Tuesday, May 28, 2013

A Kindergarten Review: Why I Cried When it Was Over

First day of kindergarten/last day of kindergarten
I cried the first day of kindergarten. Duh, right? Of course I cried. I had to send my first baby girl off into the world, trust her with people I didn't know, let go of her hand as she walked off without me. But as the year went on, we fell into routines. School became part of our daily routine, part of life. I got used to having her gone from 8-3, it was just a part of what we did everyday. Get up, pack a lunch, read her book for school, attempt to tame her crazy hair and put on some fashionable clothes, go off to school. It felt normal, I had accepted it.

At the beginning I sent her off and cried and cried and cried. Then I sucked it up and let my baby go to school and learn to read and do the things that are necessary to grow up.
Life went on, she grew and learned. We went on a field trip to a pumpkin patch, fun was had.


The year flew by, pretty soon it was Thanksgiving.
The pasta necklace exchange. 


A whole bunch of little indians, right after exchanging pasta necklaces with some pilgrims. Just like the first Thanksgiving...
Right after that was the Christmas program. It was...interesting.
This kid did not sit still the whole time. 
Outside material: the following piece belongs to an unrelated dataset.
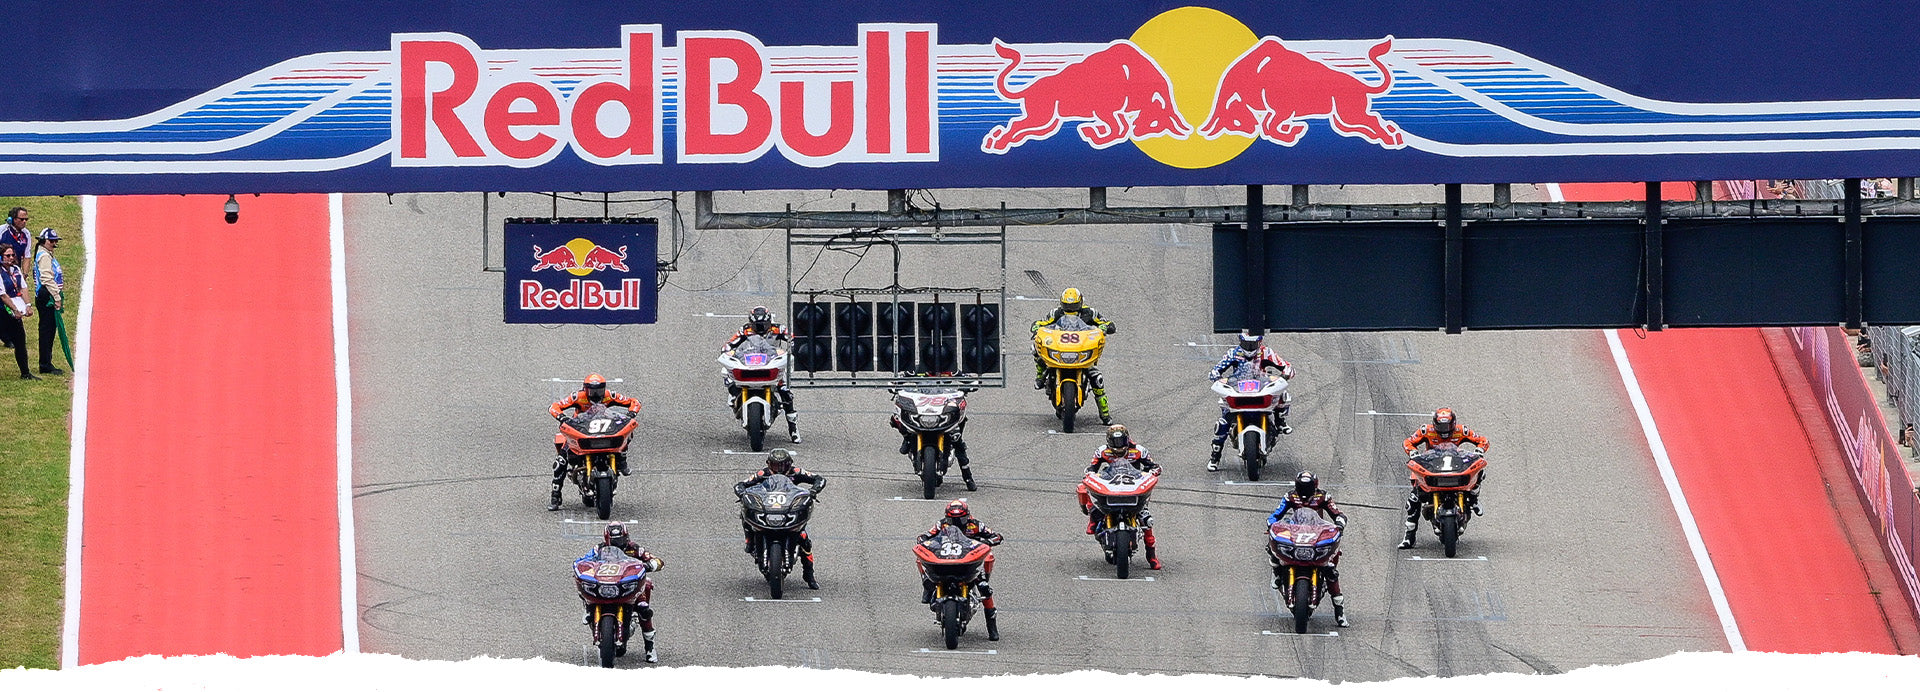 A thrilling start at the MotoGP RedBull Grand Prix of the Americas in Austin, Texas, with a lineup of motorcycle racers speeding off under the massive Red Bull logo arch. The racers, in a mix of vibrant liveries, are captured just as they launch from the grid, with the track bordered by striking red and blue boundaries, capturing the excitement and competitive spirit of the race.

Alana and her teacher after her Christmas play. 
I helped in Alana's class at every chance I got. Halloween, Christmas, Valentine's Day, every field trip or water day or ice cream party. By the end of the year I knew every kid by name, they just called me Alana's mom. I also met other moms, the playground is like a matchmaking service for moms who want to make friends. I now know so many more people, just from sending my kid to school.

During spring break we moved, and when school started back up again Alana's teacher was out for a couple of weeks because she had knee surgery. That was rough for Alana, having a sub for that long when she was so attached to her teacher. She cried a few times, we even had to make a couple phone calls to her teacher and mail her a handpainted Get Well Soon card.

Throughout the year there were assemblies and rallies, the kids sang the national anthem at homecoming, Alana made the Distinguished Honor Roll all four quarters, and of course the thing she wanted the most was to be Bobcat Citizen basically like student of the month. You get that by being respectful, responsible, caring, and safe. I know, many many children told me.
The school won't let you wear Halloween costumes, so she did the next best thing. 
Ready to sing some songs at homecoming. 
Writing out Valentines to all of her friends. 
Kindergarten was exciting for Alana. She loved every minute of it, even when I had to force her to stay, she loved it.

The last trip of the year was to the zoo, so of course we all went.



The Friday before Mother's Day the whole Kindergarten had a short play where they sang and gave the moms cookies and flowers. A couple of weeks before that they had a poetry recital. Both were endlessly entertaining, and I'm pretty sure they both involved some public nosepicking, luckily it wasn't ever my kid doing it.




When the year was not quite through they had field day. I'm pretty sure the concept of a relay race is beyond the comprehension of 5 & 6 year olds, it was a mess. It was entertaining though, if you find little kids trying to do the long jump funny.
One of these girls was super fast (not my kid) and one of them gave the baton to the wrong kid who wasn't on their team or in their class (also not my kid). 





The last week was spirit week, and it included crazy hair day, which Alana was born to participate in. She could just roll out of bed and be ready, but we went with something cuter instead. 

The last thing of the year, since her school does not have a kindergarten graduation, was the Bobcat Rally on almost the last day of school. This was Alana's last chance to win Bobcat Citizen, and she was hyped. I had actually mentioned to her teacher when we were at the zoo (because a little name dropping on your child's behalf never hurt anyone right?) that Alana really wanted to be Bobcat Citizen, mostly because you get a free shirt and who doesn't like free shirts. Her teacher was surprised, because she thought Alana had already been Bobcat Citizen. Told you name dropping never hurt anyone, cause otherwise Alana would've been overlooked.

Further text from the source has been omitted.